Break-Induced Replication Can Repair Double-Strand Breaks

KEY CONCEPTS
- Break-induced replication (BIR) is initiated by a oneended double-strand break.
- BIR at repeated sequences can result in translocations.
We saw in the previous section that DSBs between direct repeats can induce the single-strand annealing mechanism. There are other types of repeat sequences at which DSBs induce a repair
mechanism known as break-induced replication (BIR). During DNA replication, certain sequences termed fragile sites are particularly susceptible to DSB formation. They often contain repeat sequences related to those found in transposable elements (discussed in the chapter titled Transposable Elements and Retroviruses) and are located throughout the genome. Fragile sites are prone to breakage during DNA replication, creating a DSB at the site of replication. Break-induced replication can initiate repair from these DSBs by using the homologous sequence from a repeat on a nonhomologous chromosome, creating a nonreciprocal translocation, as shown in FIGURE 1.
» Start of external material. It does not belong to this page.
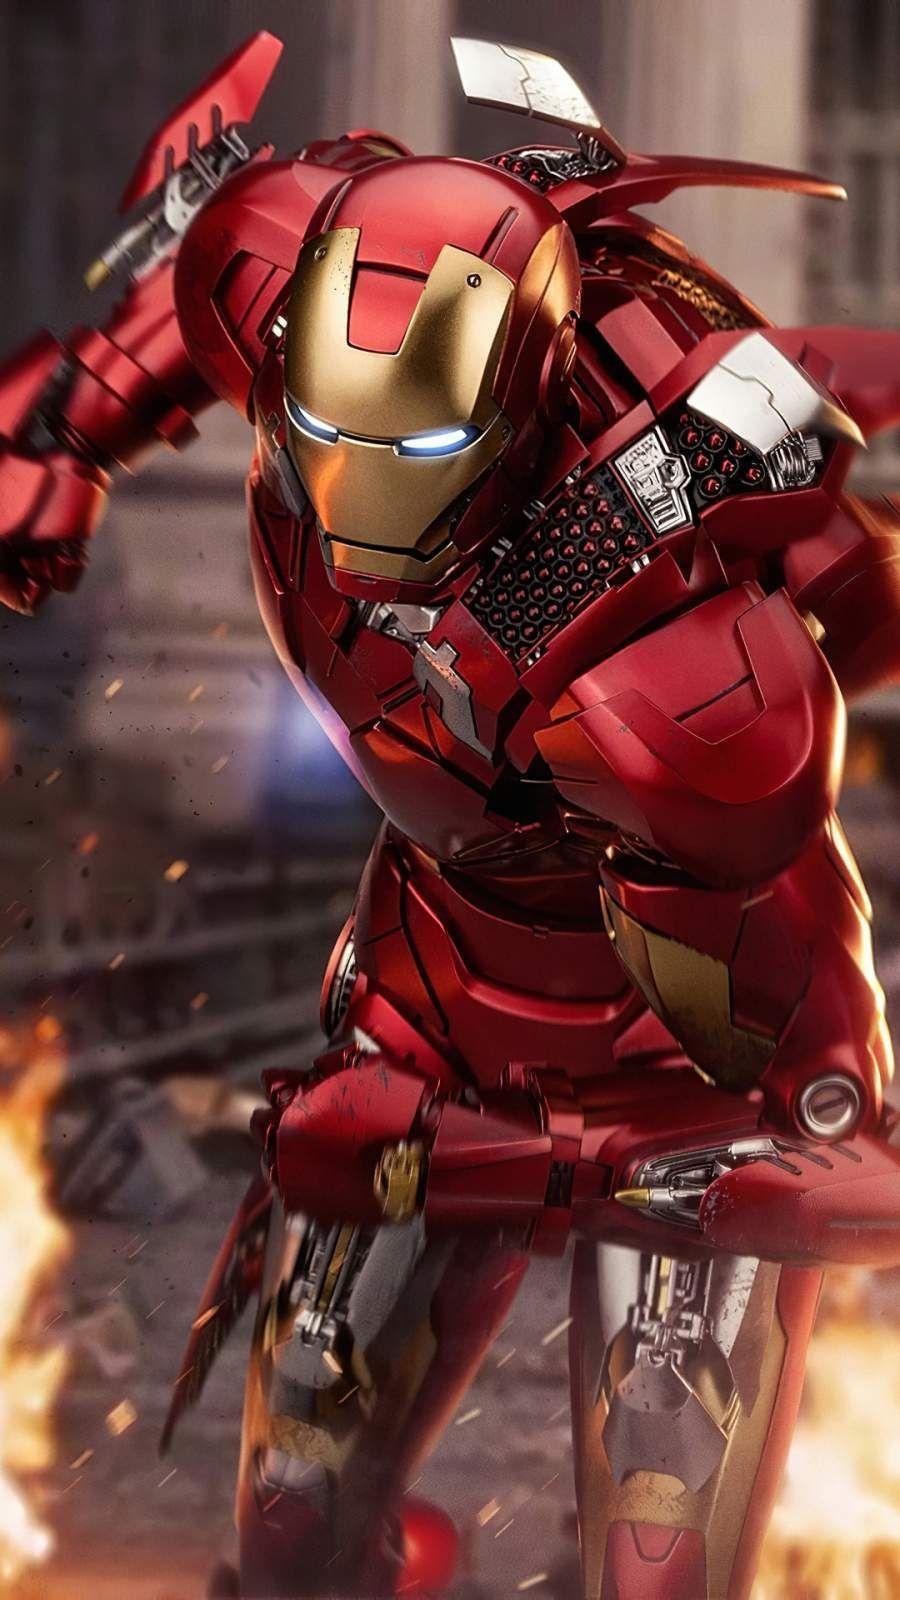 Iron Man 3 Wallpaper Iron Man Iron Man Wallpaper Man Wallpaper Iron Man Comic

FIGURE 1. Break-induced replication can result in nonreciprocal translocations. A DNA break on the red chromosome results in loss of the chromosome end and a break with only one end. The end is repaired by recombination, using a homologous sequence found on a different chromosome, here the blue chromosome. Because there is only one end at the broken chromosome, repair occurs by copying the blue chromosome sequence to the end. This results in a translocation of some of the blue chromosome sequence to the red chromosome.
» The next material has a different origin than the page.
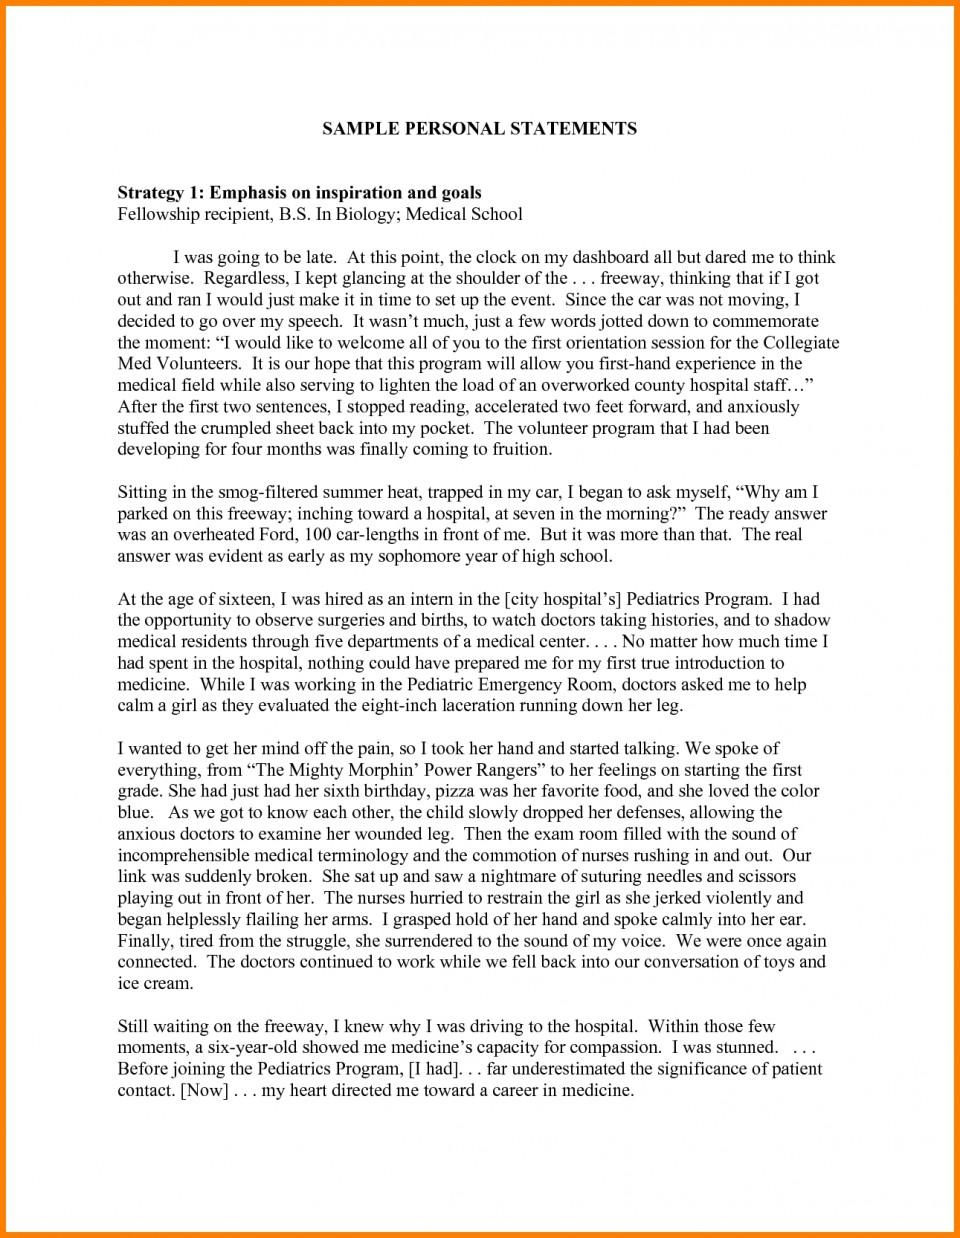 Sample appliation essay for nursing school

The mechanism of BIR involves resection of the double-strand break end to leave a 3′–OH single-strand overhang, which can then undergo strand invasion at a homologous sequence, as shown in FIGURE 2. The invading strand causes the formation of a Dloop that can be thought of as a replication bubble. The invading strand is then extended using the donor DNA as template for replication. When the invading strand is displaced, it can then act as a single-stranded template on which synthesis can be primed to create double-stranded DNA. The template strand is used until replication reaches the end of the chromosome; as a result, gene conversions from BIR events can be hundreds of kilobases long.
Additionally, chromosome translocations can occur from this process if the homology used during strand invasion is a result of repeat sequences present at various sites in the genome. Template switching that occurs during BIR can result in some of the complex chromosomal rearrangements that are seen in tumor cells.

FIGURE 2. Possible mechanisms of break-induced replication. Strand invasion into homologous sequences by a single-strand tail with a 3′–OH end forms a D-loop. In (a), synthesis results in a single-strand region that is later converted into duplex DNA. In (b), a single replication fork is formed that moves in one direction to the end of the template sequence. Resolution of the Holliday junction results in newly synthesized DNA on both molecules. In (c), the Holliday junction branch migrates to result in newly synthesized DNA only on the broken strand, as in (a). (d) Shows the final products after resolution.
Data from M. J. McEachern and J. E. Haber, Annu. Rev. Biochem. 75 (2006): 111–135.